When you reach the line containing "红色喜庆中式婚礼PPT模板", begin reproducing the material exactly, stop after the line containing "Hiệu quả của Cansua 3", and leave out any pictures along the way.

• [DATASET RECORDS]
┄┄┄┄┄┄┄┄┄┄┄┄┄┄┄┄┄┄┄┄

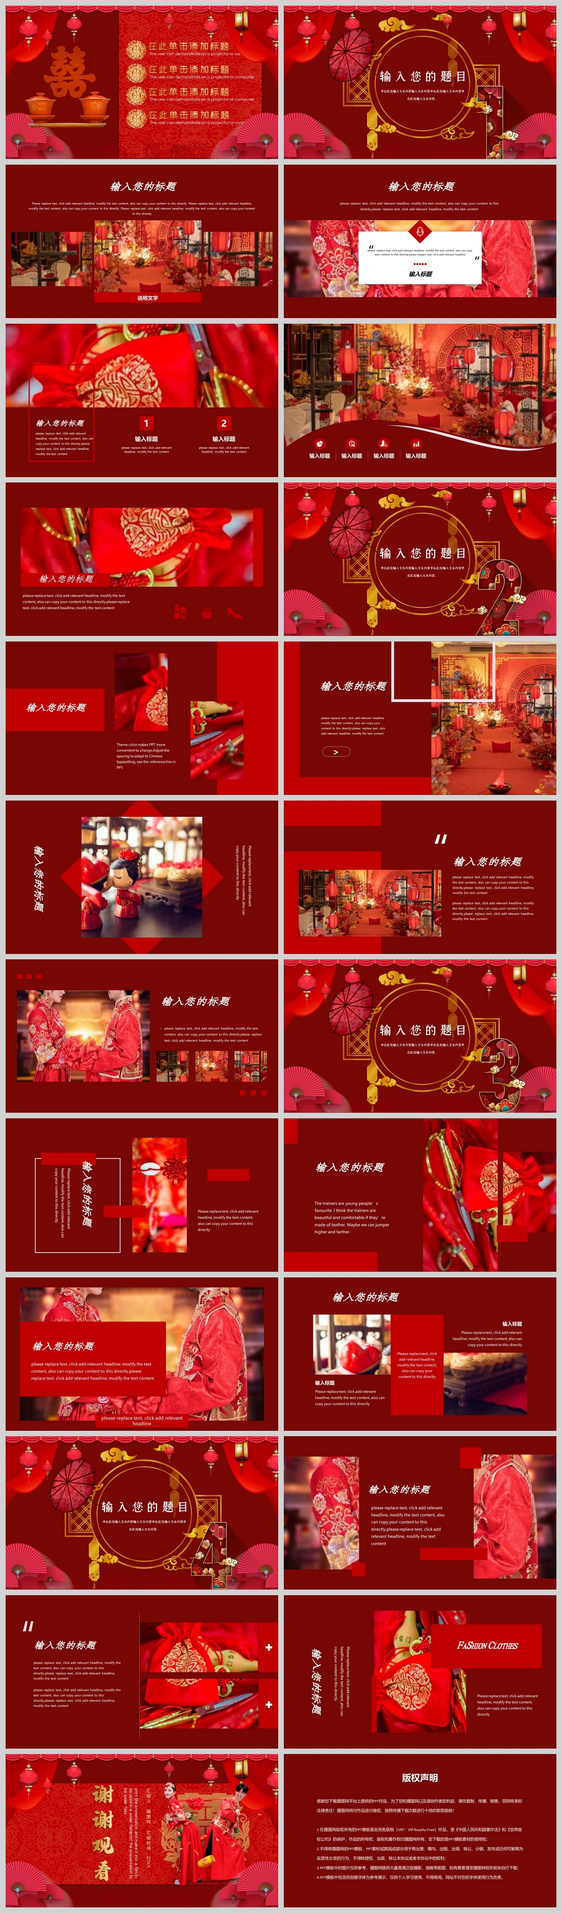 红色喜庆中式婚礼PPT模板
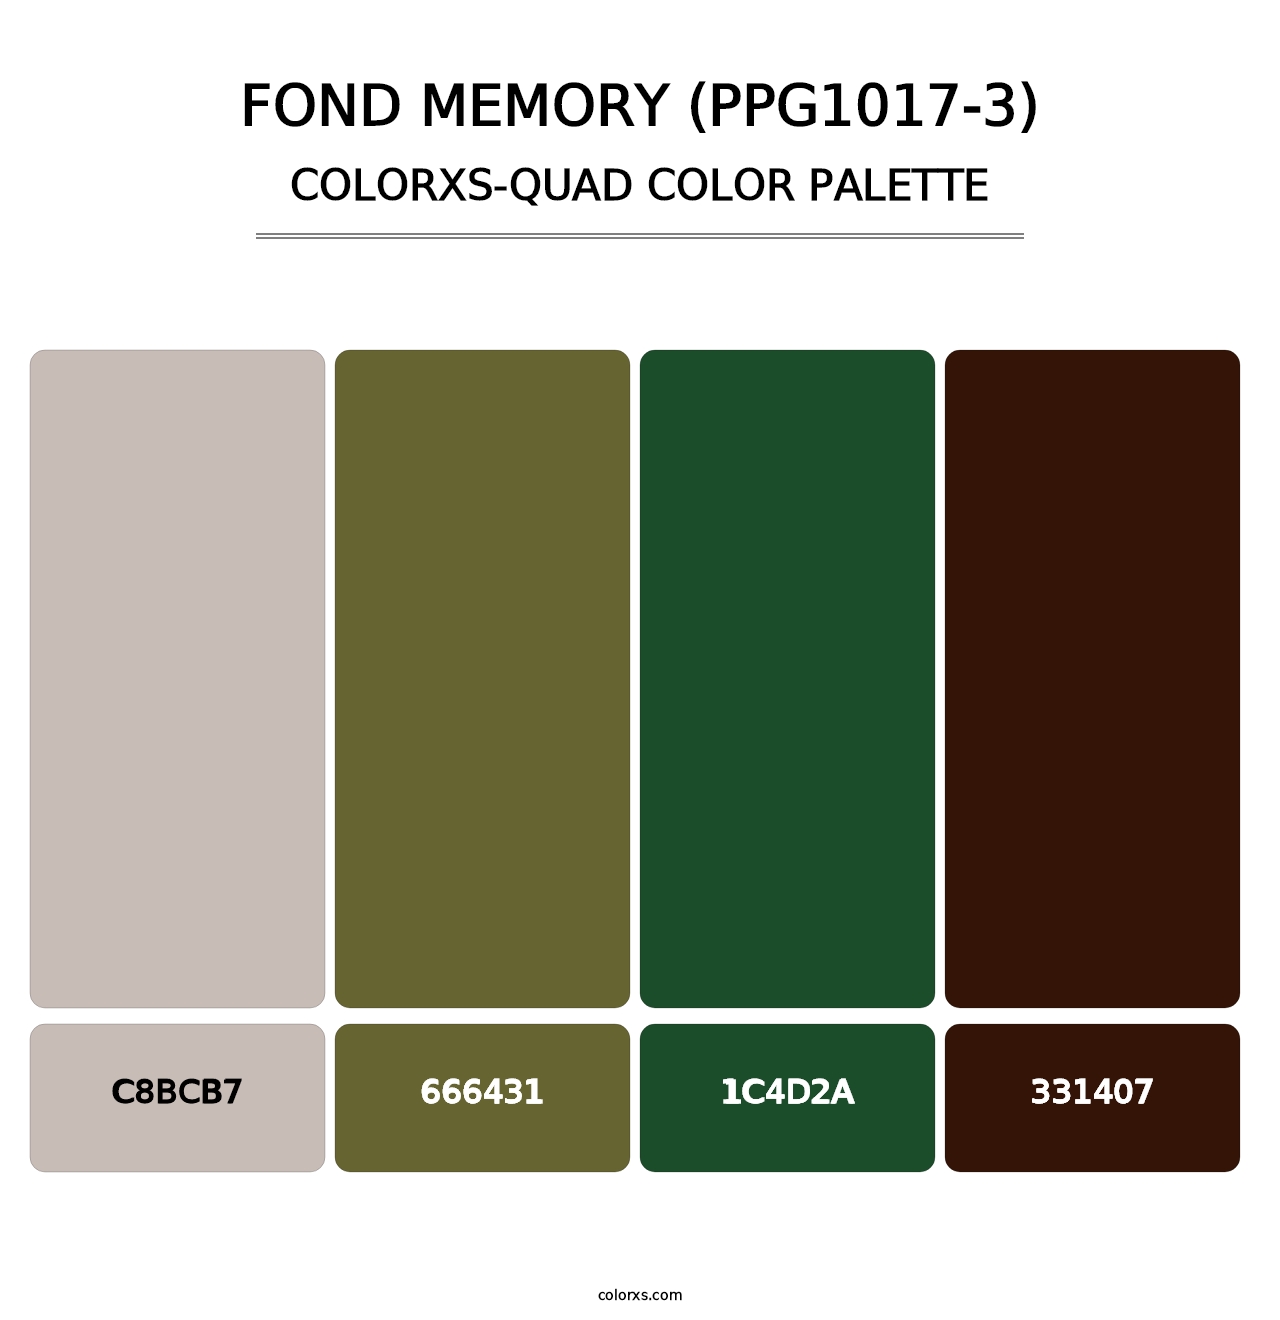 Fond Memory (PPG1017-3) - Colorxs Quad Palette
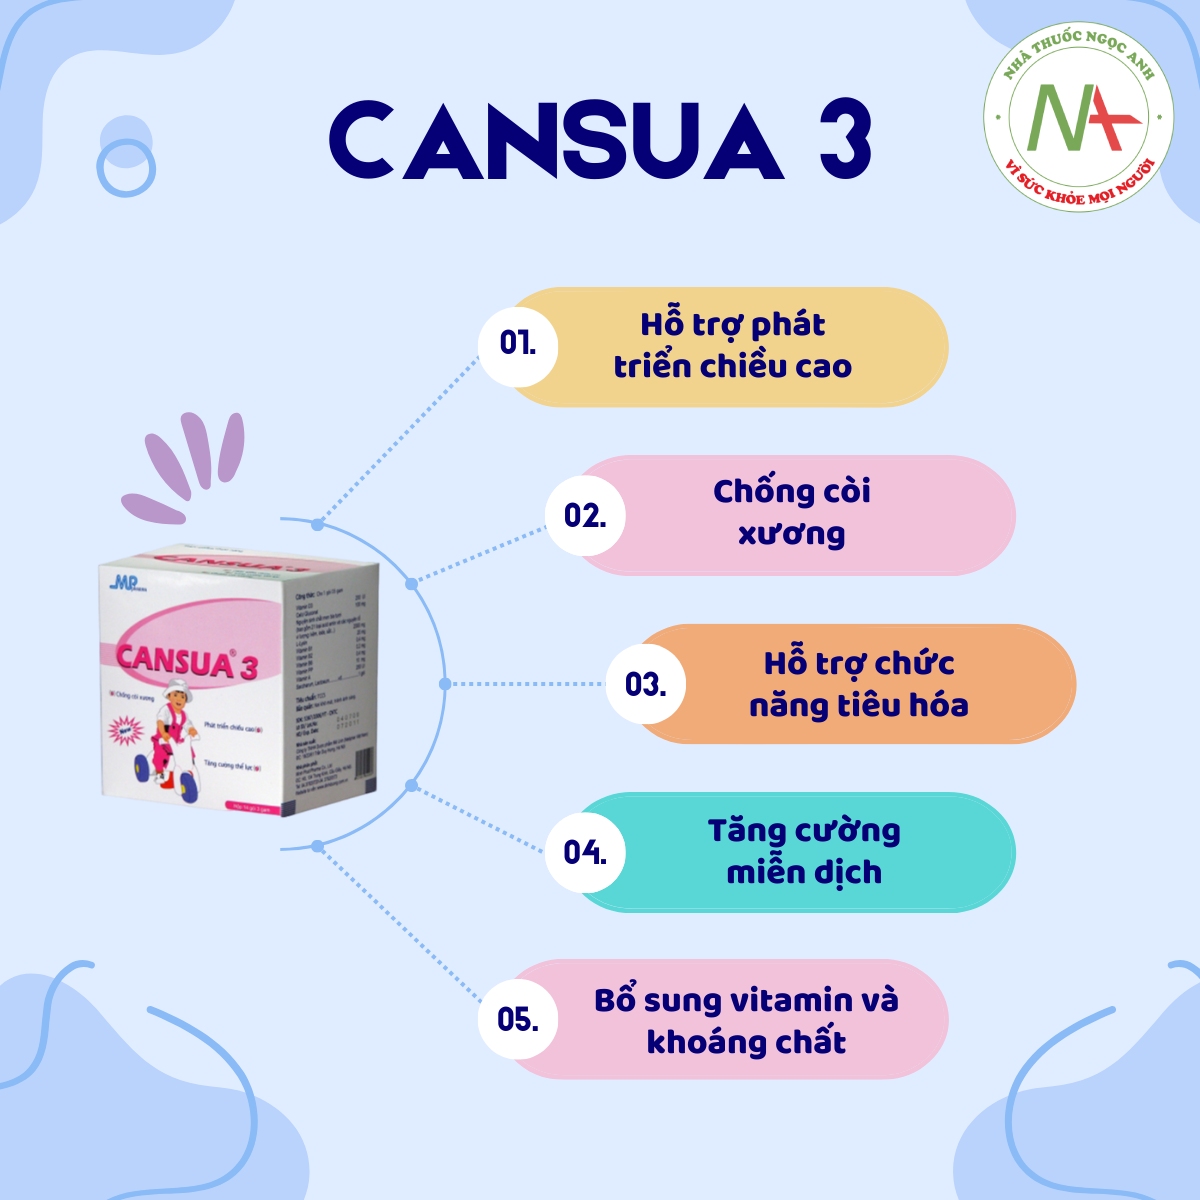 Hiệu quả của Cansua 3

┄┄┄┄┄┄┄┄┄┄┄┄┄┄┄┄┄┄┄┄

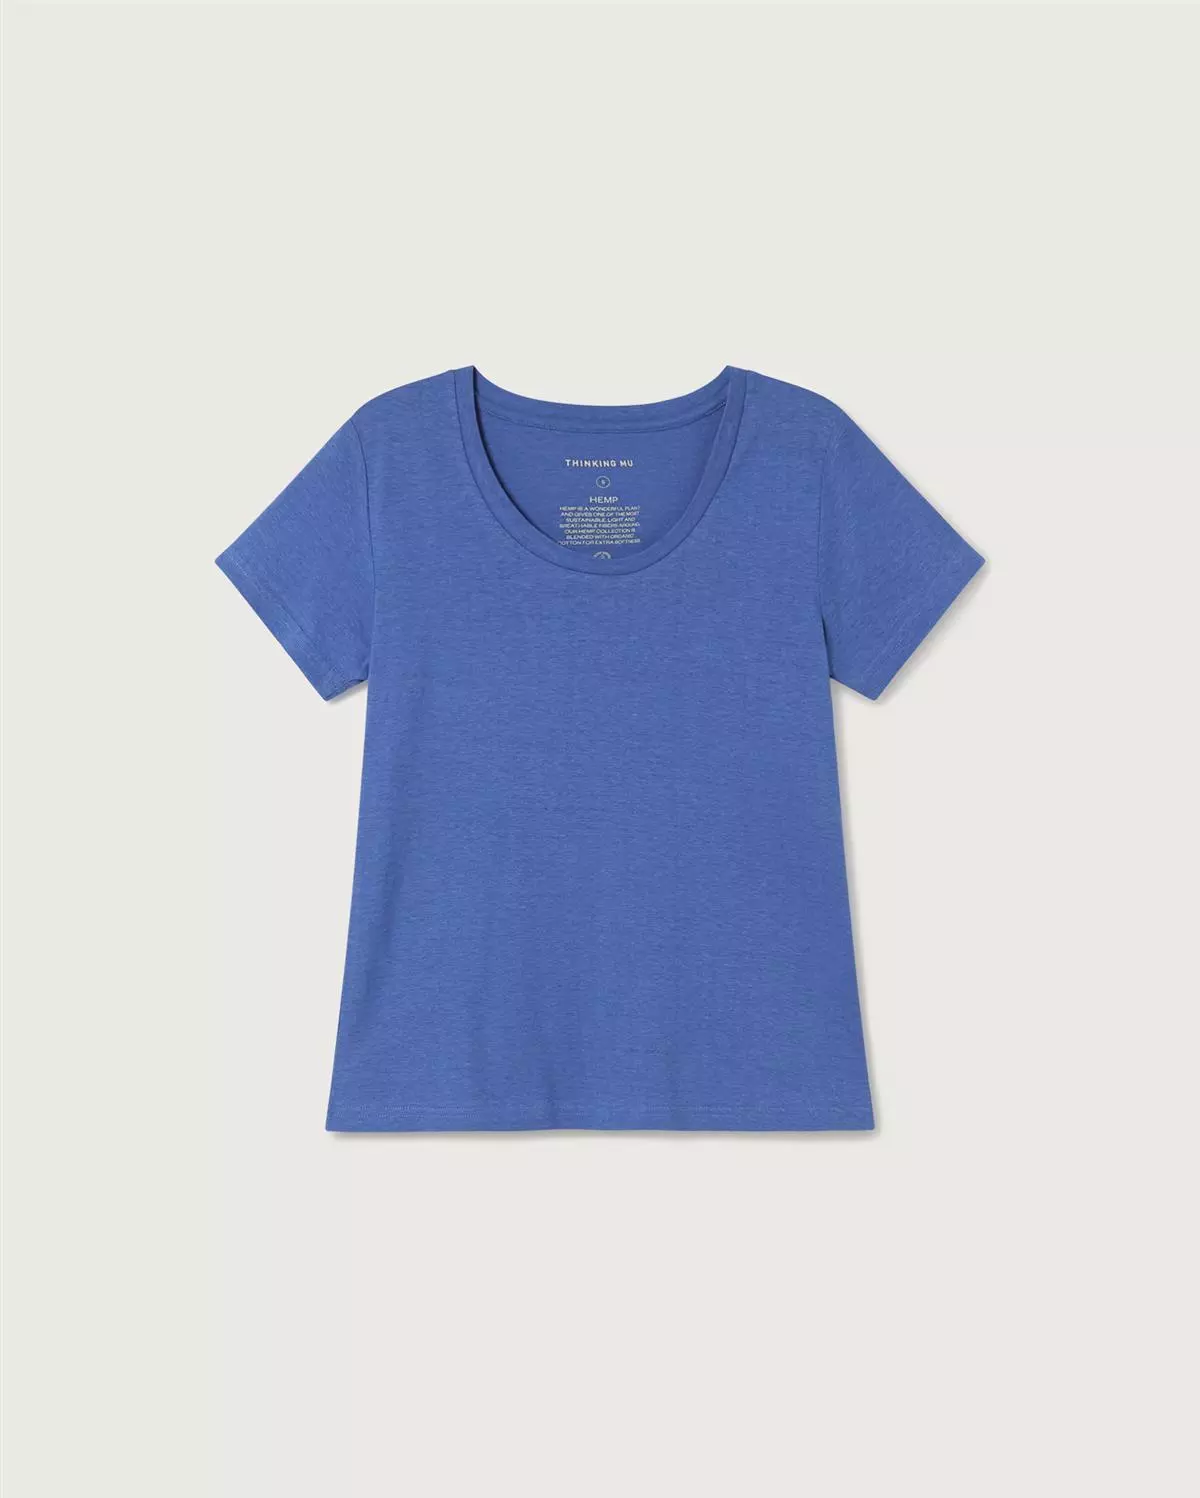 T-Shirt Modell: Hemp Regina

┄┄┄┄┄┄┄┄┄┄┄┄┄┄┄┄┄┄┄┄

• [ANSWER SECTION]
 红色喜庆中式婚礼PPT模板
 Fond Memory (PPG1017-3) - Colorxs Quad Palette
 Hiệu quả của Cansua 3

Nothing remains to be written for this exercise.